The tumbler in her hand slams down onto the wooden table. Delilah is still, her piercing gaze fixed on the empty glass. Her form ripples, blackish-green scales rising briefly, as shadows drip from her hair like oil.
“Oziah would say I should. She doesn’t trust you as far as she can throw you and I know she wants to have you as far away from me as the Realms would allow.”
Slowly, as if scraping against glass, Delilah’s dark eyes lift up. They are hollow, flat, two small openings to a void that would swallow the world if they could and still be hungry for more.
“But after everything I’ve done to free you, after every chance I have given, every hand I have extended to you, every word I have said in your defence, you come to me and say you’ll help but still with doubt in your heart enough to know you’d betray me? Leave me? Abandon me? And so you offer this option to become… just like her?” Her lips peel back into a snarl. “You clearly don’t know me at all, father.”
She says the word as if it could cut him, as if she holds not the bottle in her hand, but a knife.
Delilah stands in one smooth, fluid motion. “Stay. Go. Help. Don’t. It matters not to me. Any chains you don will be by your choice, not by my doing.” She begins to turn away.
Kurtz has stood up too, though less gracefully, more awkwardly, his hands raised in a gesture of peace. “I had no intention of comparing you to your mother Delilah, my offer was given in love and intended to help with any mis-trust. Which honestly I doubt anyone would judge you for having.”
And that’s the rub, isn’t it. Their whole relationship before his freedom has been built on a magic charm woven around his heart that twisted and squeezed to the point that neither of them could know what was truth and what was a lie.
He sits down, a worn hand resting on worn wood. A small shadow comes over to carefully sniff at him before sitting back and down just out of reach, tail swishing.
“I intend to stay, to help,” he says quietly. “Despite it all, my sordid past, my horrible deeds against my other family members; You are one I do not intend to betray or hurt.” He attempts a rare smile. “Sit?
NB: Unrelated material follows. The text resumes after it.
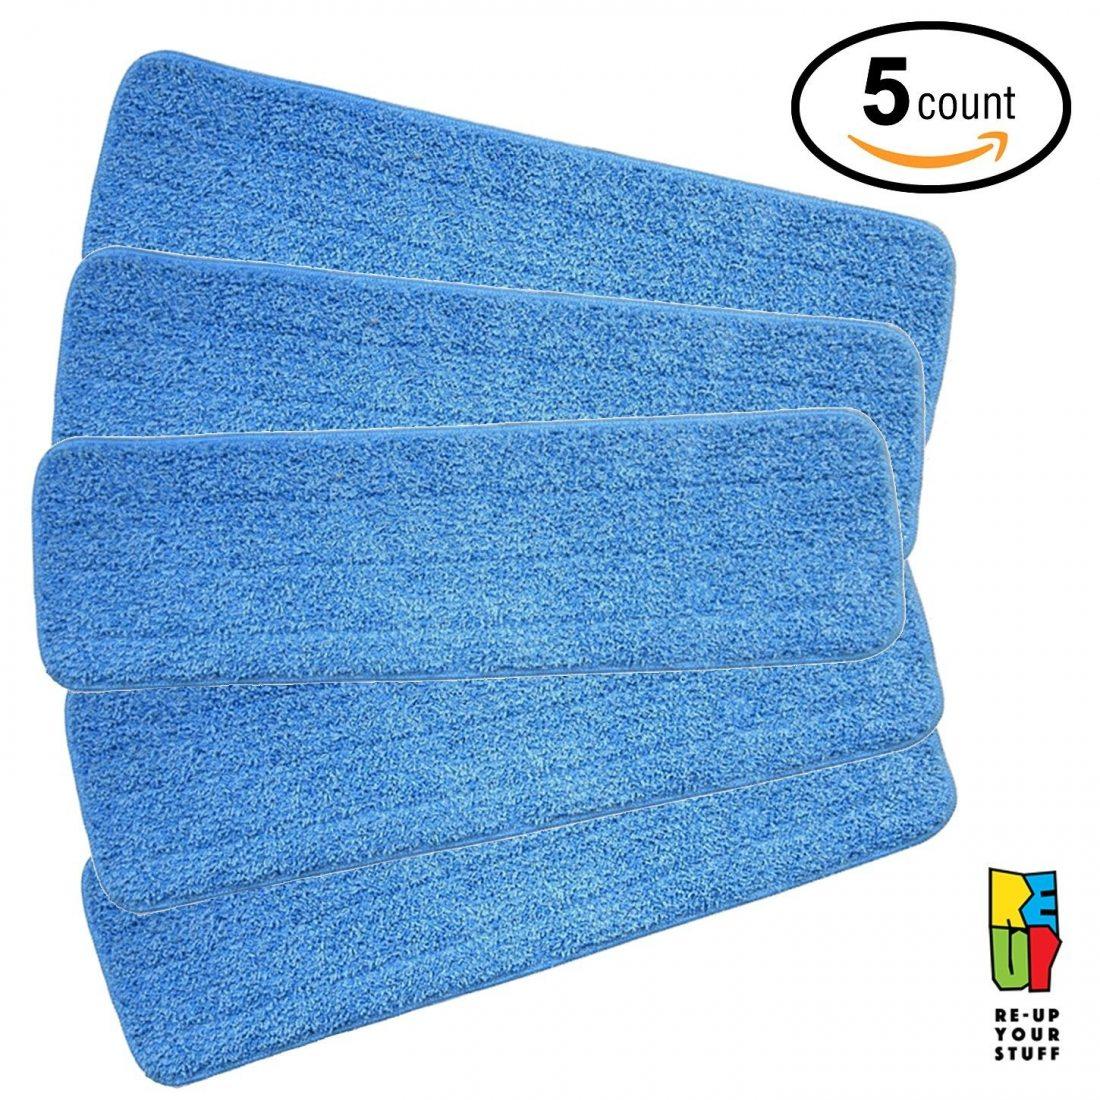 Re-Up microfibre de pulvérisation de balai avec tête de rechange humides / secs compatibles Avec système de soins Bona Floor

Stay and drink with me?” A sparkle appears in his eyes. “Tell me more about your loved ones’ disdain for me?”
Carefully, with precise movements, Delilah uncorks the bottle and pours another glass, this one double what she gave before, to first herself and then Kurtz.
“One time Jaezred turned into a version of you and we both took a turn at taking him on. Suffice to say Oziah threw herself into it with abandon. Jaezred came very close to losing the form.” She sits, picking up the glass and swirling it. Spots of colour have appeared high on her cheekbones and her eyes don’t seem as flat as they were. They swim with a kind of ruthless merriment. “She might have taken it a little too seriously,” Delilah adds, smirking, before taking a generous sip.
The dragon gives a hearty chuckle at that, raising his glass in a salute. That elicits a smirk from her, the first sign of warmth, if he could even call it that, he had been given since approaching her. It was more than he could have hoped though, and he accepted it.